Lynda Benglis’ first fountain The Wave of the World (for which the present lot is a study) went missing following the closing of the 1984 Louisiana World Exposition. Watch as the artist is reunited with the work at the Modern Art Foundry in Queens in 2015.

Born in Lake Charles, Louisiana in 1941, Lynda Benglis received her BFA from Newcomb College in New Orleans. After a brief stint teaching third grade in Jefferson Parrish, she moved to New York City in 1964 and studied painting at the Brooklyn Museum Art School. In the late 1960s, she began to experiment with poured latex and polyurethane; the resulting works resembled paintings but like sculpture, they occupied the physical space—pooling across gallery floors and oozing from the walls. These ‘pours’ marked her entry into the New York art world, and provided a much needed foil to the male dominated painting scene.
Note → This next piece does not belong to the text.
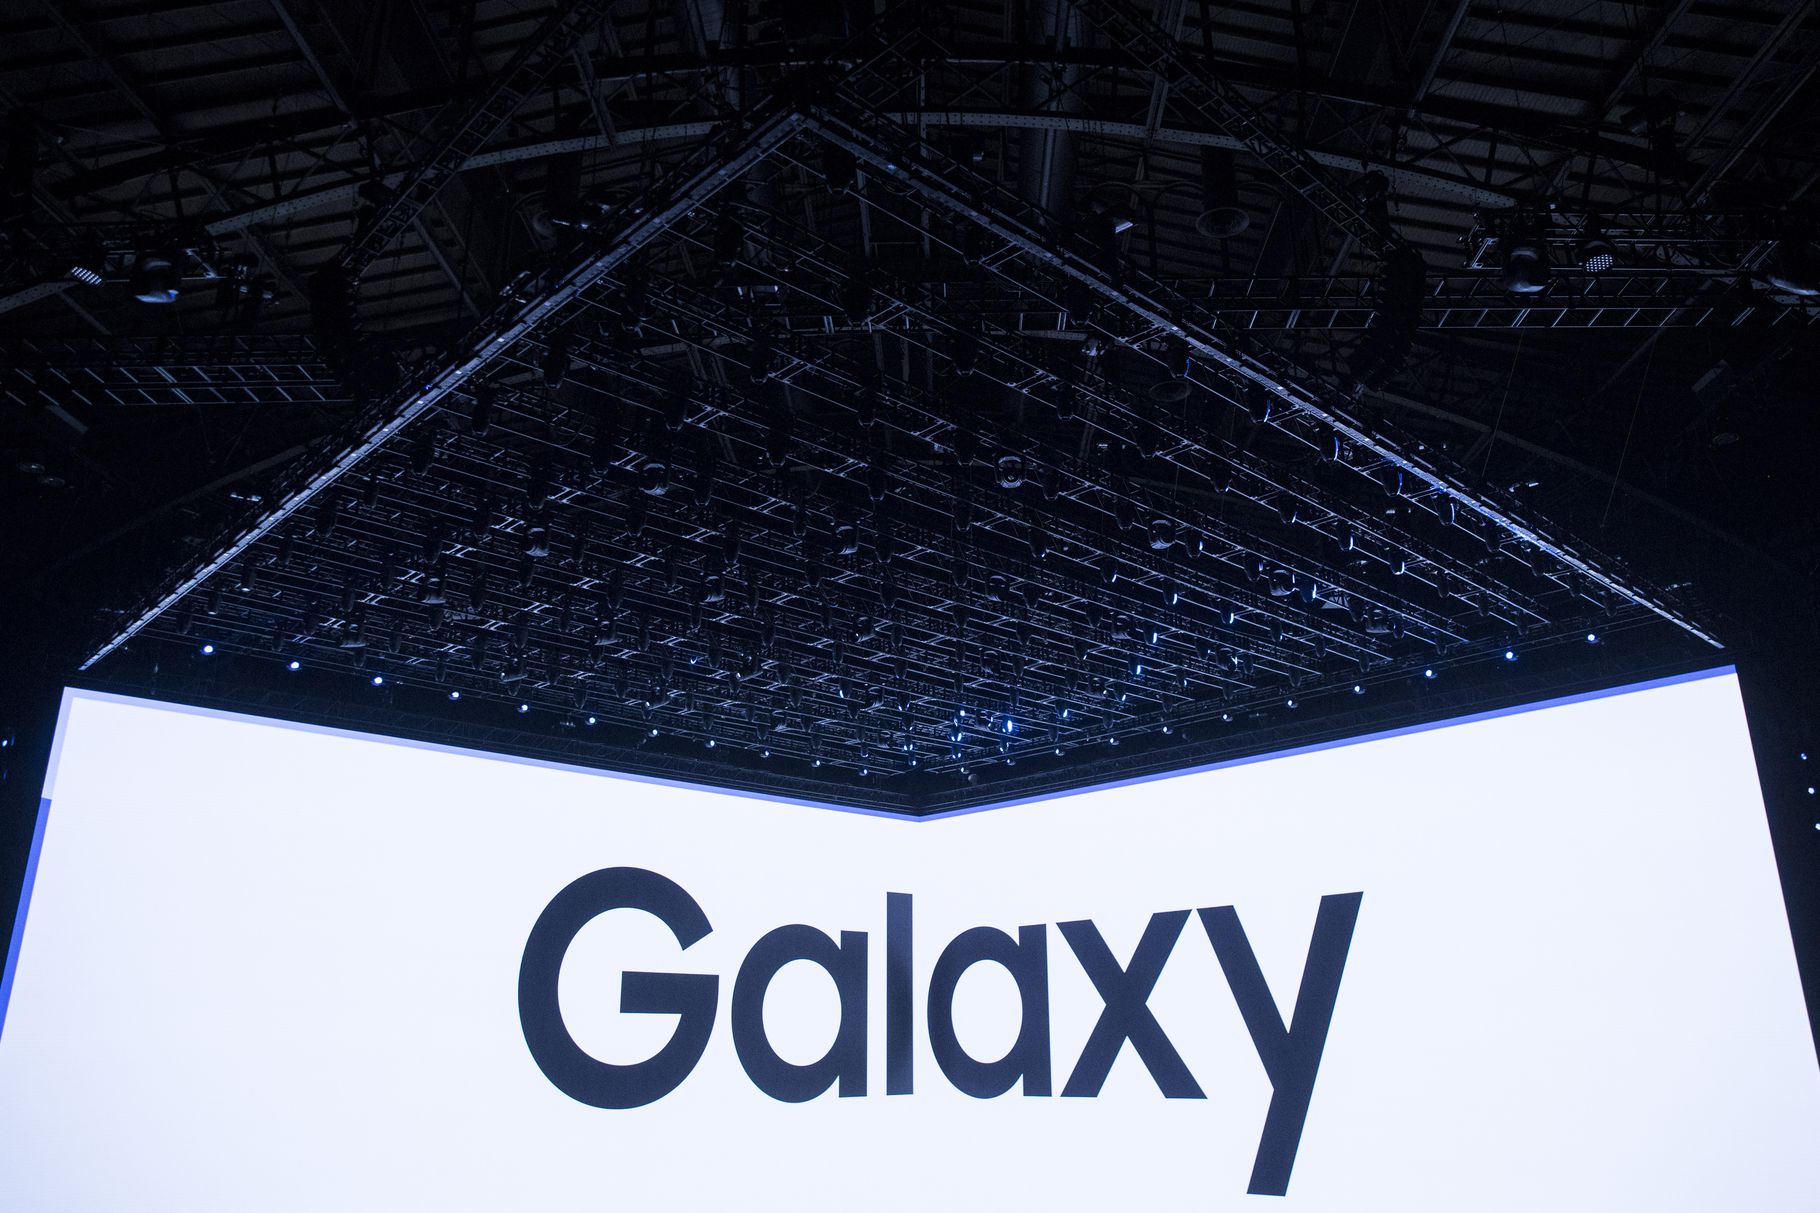 Samsung เตรียมเปิดตัวลำโพงอัจฉริยะราคาไม่ถึงหมื่นพร้อม Galaxy Note 9

Benglis continued to use materials as an expression of the body in her later works, dripping molten wax, metal and foam to create tactile, ‘soft sculpture’ that challenged notions of femininity and the prevailing Minimalist trends. In the 1970s, she began using video in her work, producing provocative films that acted as an extension of her bodily, three-dimensional practice. In 1974, Benglis created a controversial advertisement for Artforum, further solidifying her as boundary-pushing, unapologetic, feminist icon (with a sense of humor). Throughout the 1980s and 1990s, she continued to peruse different sculptural forms—from crimped metal to clay—that captured the power and physicality of her sculptural practice. Today, Benglis maintains studios in Santa Fe, Ahmedabad in India, Kastellorizio in Greece and New York City. Her work can be found in numerous permanent collections including the Art Institute of Chicago, The Museum of Modern Art, New York and the Los Angeles County Museum of Art.